Однако самым неприятным было то, что в страну толпами стали возвращаться кюре и монахи, которые служили еще при короле. Они озирались по сторонам, точно крысы, вылезающие с наступлением ночи из своих пор, и, осмелев, набрасывались даже на священников-патриотов, вроде отца Кристофа из Лютцельбурга.
Этот доблестный священник все последние пять лет никуда не выезжал из наших краев, жил своим трудом – делал резную мебель и держал школу, ничего не требуя от республики. Он покупал у нас все, что ему было нужно для своего скромного обихода, и очень жалел, что не повидался с Шовелем в его последний приезд.

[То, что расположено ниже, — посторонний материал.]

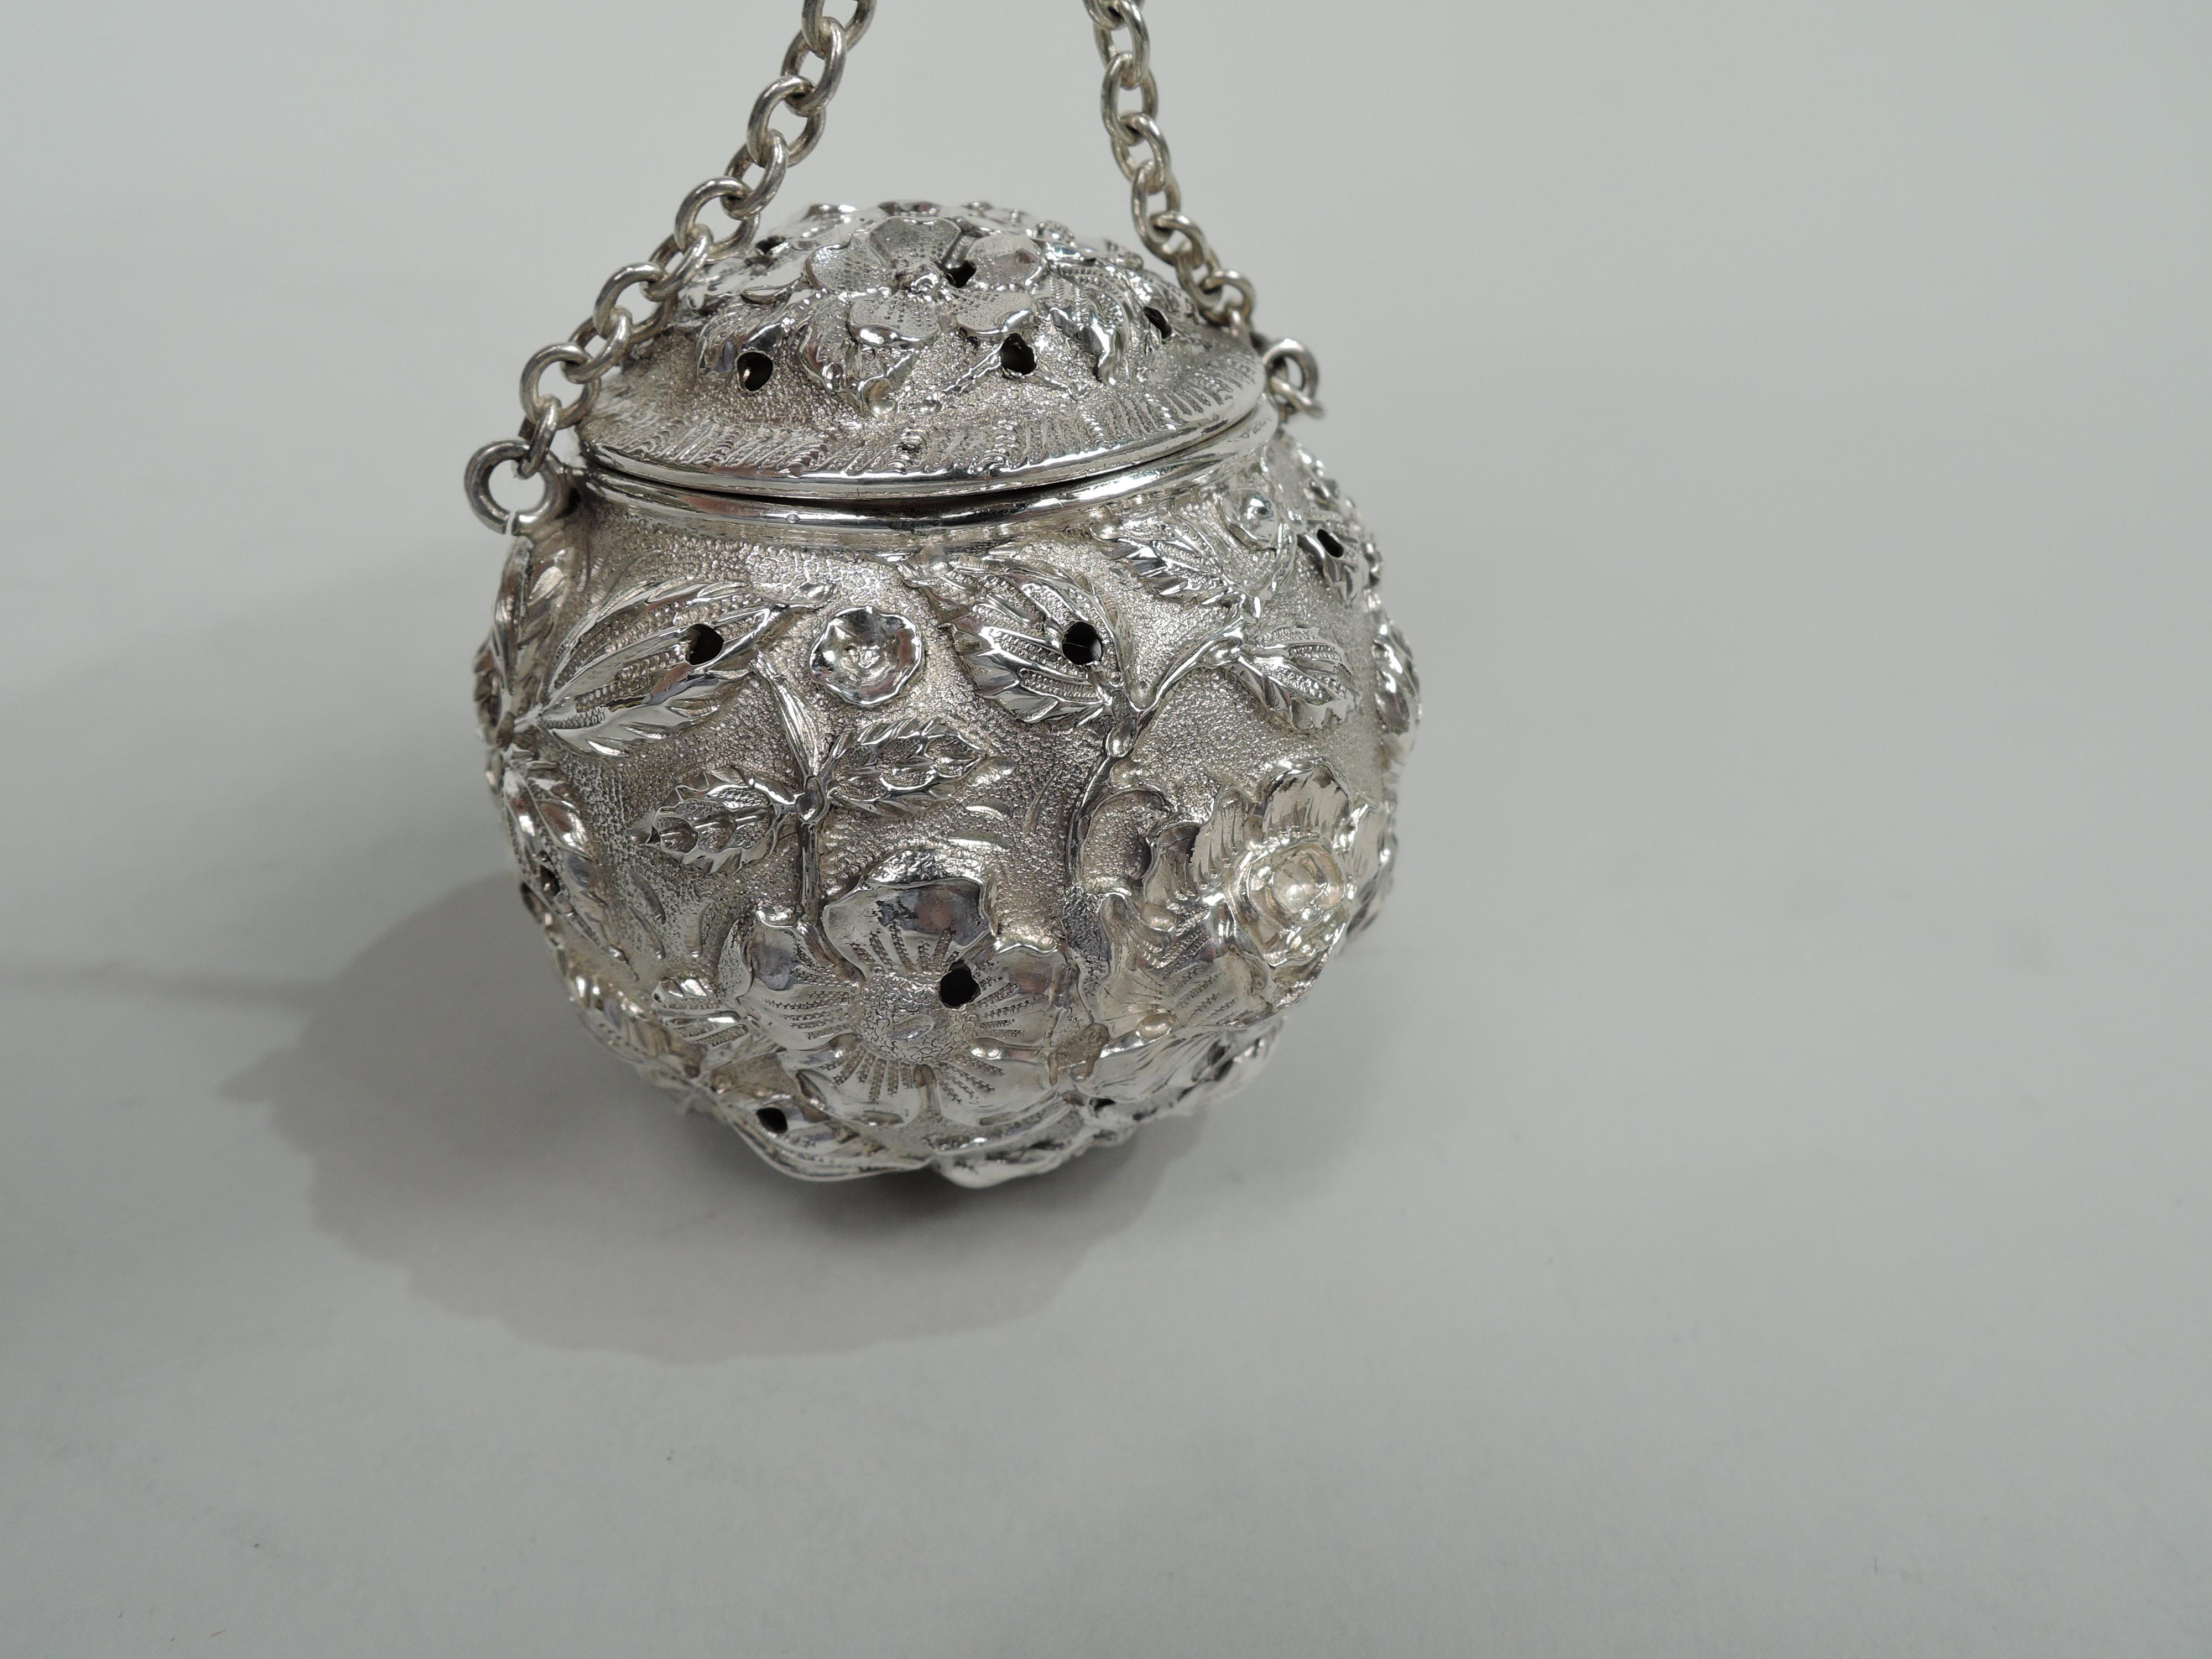 Finest quality sterling silver tea ball. Made by Stieff in Baltimore, circa 1920. Floral repousse on stippled ground. Allover piercing for even diffusion and snuggly-fitted hinged cover guaranteed not to spill open in the pot. Chain with ring finial

Но когда я думаю об этом далеком смутном времени, больше всего умиляют меня картины нашей семейной жизни – первые шаги нашего маленького Жан-Пьера, хлопоты Маргариты. До чего же велика любовь матери!.. Как все ее тревожит! Стоит появиться ребенку – и она уже ни днем, ни ночью не знает покоя: при малейшем крике она просыпается, вскакивает, успокаивает маленькое существо, поет ему, смеется, носит его на руках, укачивает; стоит ему прихворнуть – она не отходит от его постельки. И так целыми неделями, месяцами, не зная усталости. Смотришь на нее и сам становишься лучше и еще больше начинаешь любить своих родителей!

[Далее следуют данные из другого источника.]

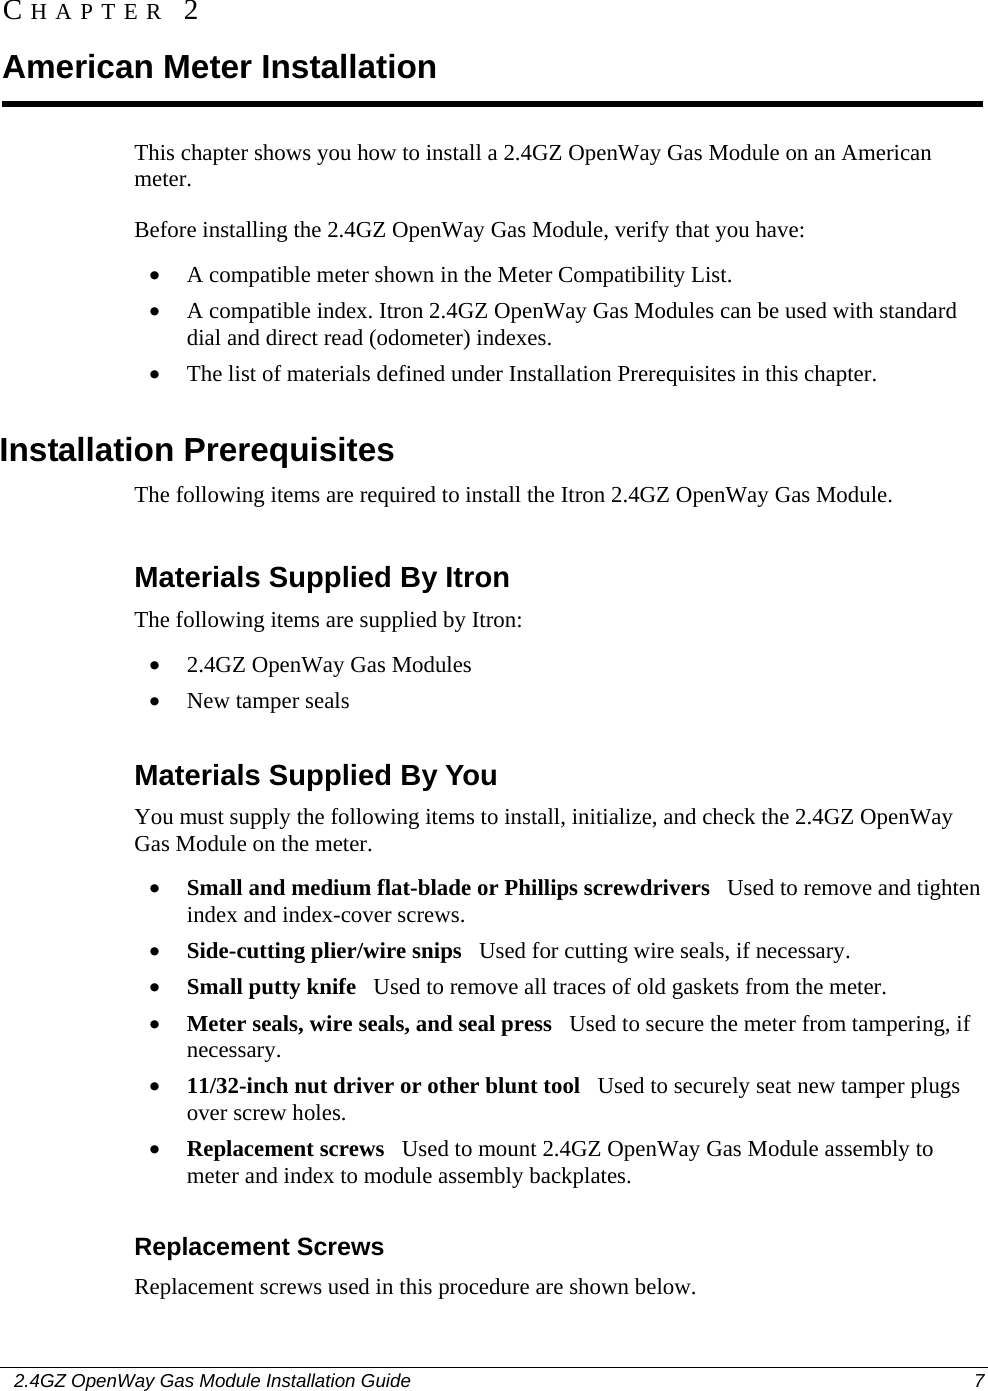    2.4GZ OpenWay Gas Module Installation Guide  7  This chapter shows you how to install a 2.4GZ OpenWay Gas Module on an American meter. Before installing the 2.4GZ OpenWay Gas Module, verify that you have: • A compatible meter shown in the Meter Compatibility List. • A compatible index. Itron 2.4GZ OpenWay Gas Modules can be used with standard dial and direct read (odometer) indexes. • The list of materials defined under Installation Prerequisites in this chapter.  Installation Prerequisites The following items are required to install the Itron 2.4GZ OpenWay Gas Module.  Materials Supplied By Itron The following items are supplied by Itron: • 2.4GZ OpenWay Gas Modules • New tamper seals  Materials Supplied By You You must supply the following items to install, initialize, and check the 2.4GZ OpenWay Gas Module on the meter. • Small and medium flat-blade or Phillips screwdrivers   Used to remove and tighten index and index-cover screws. • Side-cutting plier/wire snips   Used for cutting wire seals, if necessary. • Small putty knife   Used to remove all traces of old gaskets from the meter.  • Meter seals, wire seals, and seal press   Used to secure the meter from tampering, if necessary. • 11/32-inch nut driver or other blunt tool   Used to securely seat new tamper plugs over screw holes.  • Replacement screws   Used to mount 2.4GZ OpenWay Gas Module assembly to meter and index to module assembly backplates.  Replacement Screws Replacement screws used in this procedure are shown below. CHAPTER 2 American Meter Installation

После того, как у нас родился Жан-Пьер, я раза два или три видел свою мать: она стояла напротив, под навесом старого рынка, притаившись за столбами возле мастерской башмачника Тюрбена, и смотрела на наш дом, – седые волосы ее были запрятаны под чепчик, из-под обтрепанного, холщового платья торчали сабо. Мне показалось, что она очень постарела. Глянул я на нее из нашего оконца, и сердце у меня сжалось. Я бросился к двери, чтобы позвать ее, пригласить в дом, но она спустилась по лесенке, ведущей на улицу Кровоточащего сердца, и я не смог ее разыскать.

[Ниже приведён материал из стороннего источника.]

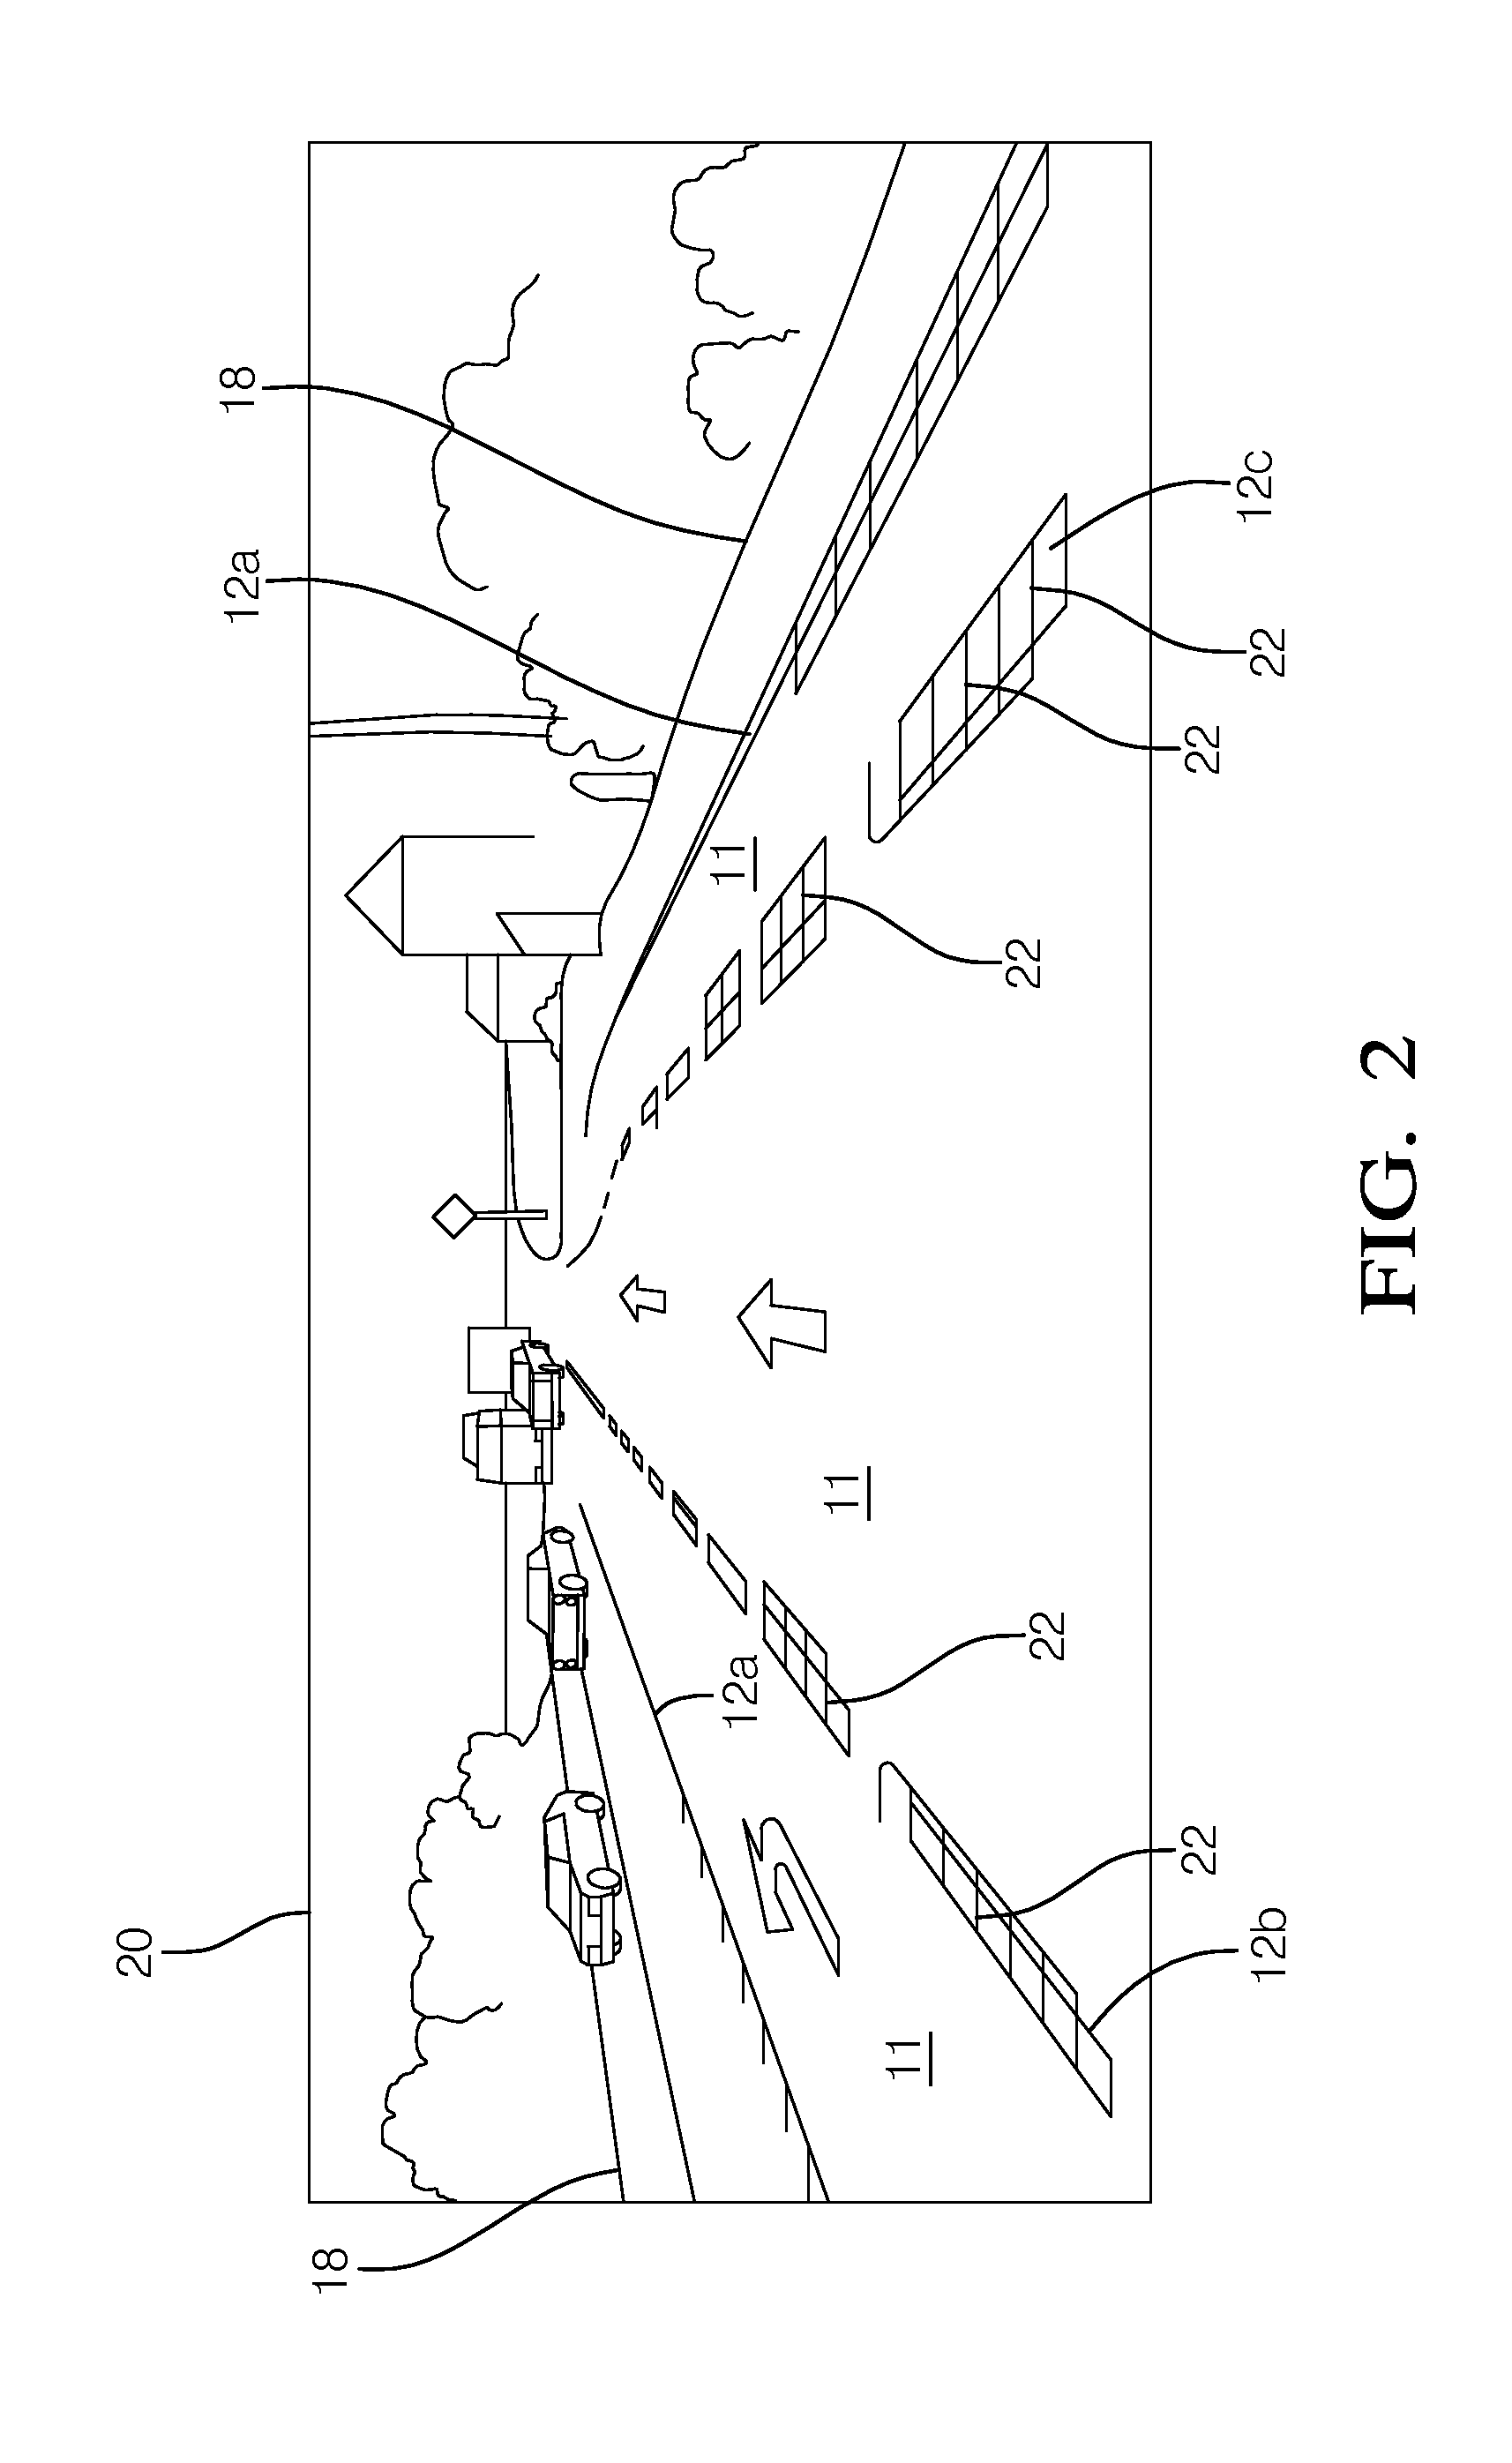 Method for the detection and tracking of lane markings

Мне пришла в голову мысль, что, быть может, ей полюбился наш малыш, ее тянет к нему, и вот теперь мы наконец с нею помиримся. Слезы навернулись у меня на глаза, но я ничего не сказал об этом Маргарите, боясь ошибиться.
Да и старик отец, укачивая, точно хорошая нянька, малыша и глядя на него счастливыми глазами, не раз тихонько говорил мне:
– Если бы твоя мать, Мишель, увидела его, она благословила бы тебя, благословила бы нас всех.
И вот, когда однажды в воскресенье, сидя у нас в спальне, он повторил это, я спросил:
– Вы в самом деле так думаете, отец? Вы в этом уверены?
– Уверен ли я? – воскликнул он, судорожно стиснув руки. – Ну, конечно, уверен. Это доставит ей величайшую радость… Только вот не смеет она прийти: ведь она так бранила твою жену, и теперь ей стыдно.
Тогда я взял ребенка на руки и сказал отцу:
– Раз так, пошли. Давайте проверим.
– Куда пошли? – недоумевая, спросил он.
– Да в Лачуги-у-Дубняка.
– А твоя жена?
– Маргарита будет только рада, уж вы не беспокойтесь.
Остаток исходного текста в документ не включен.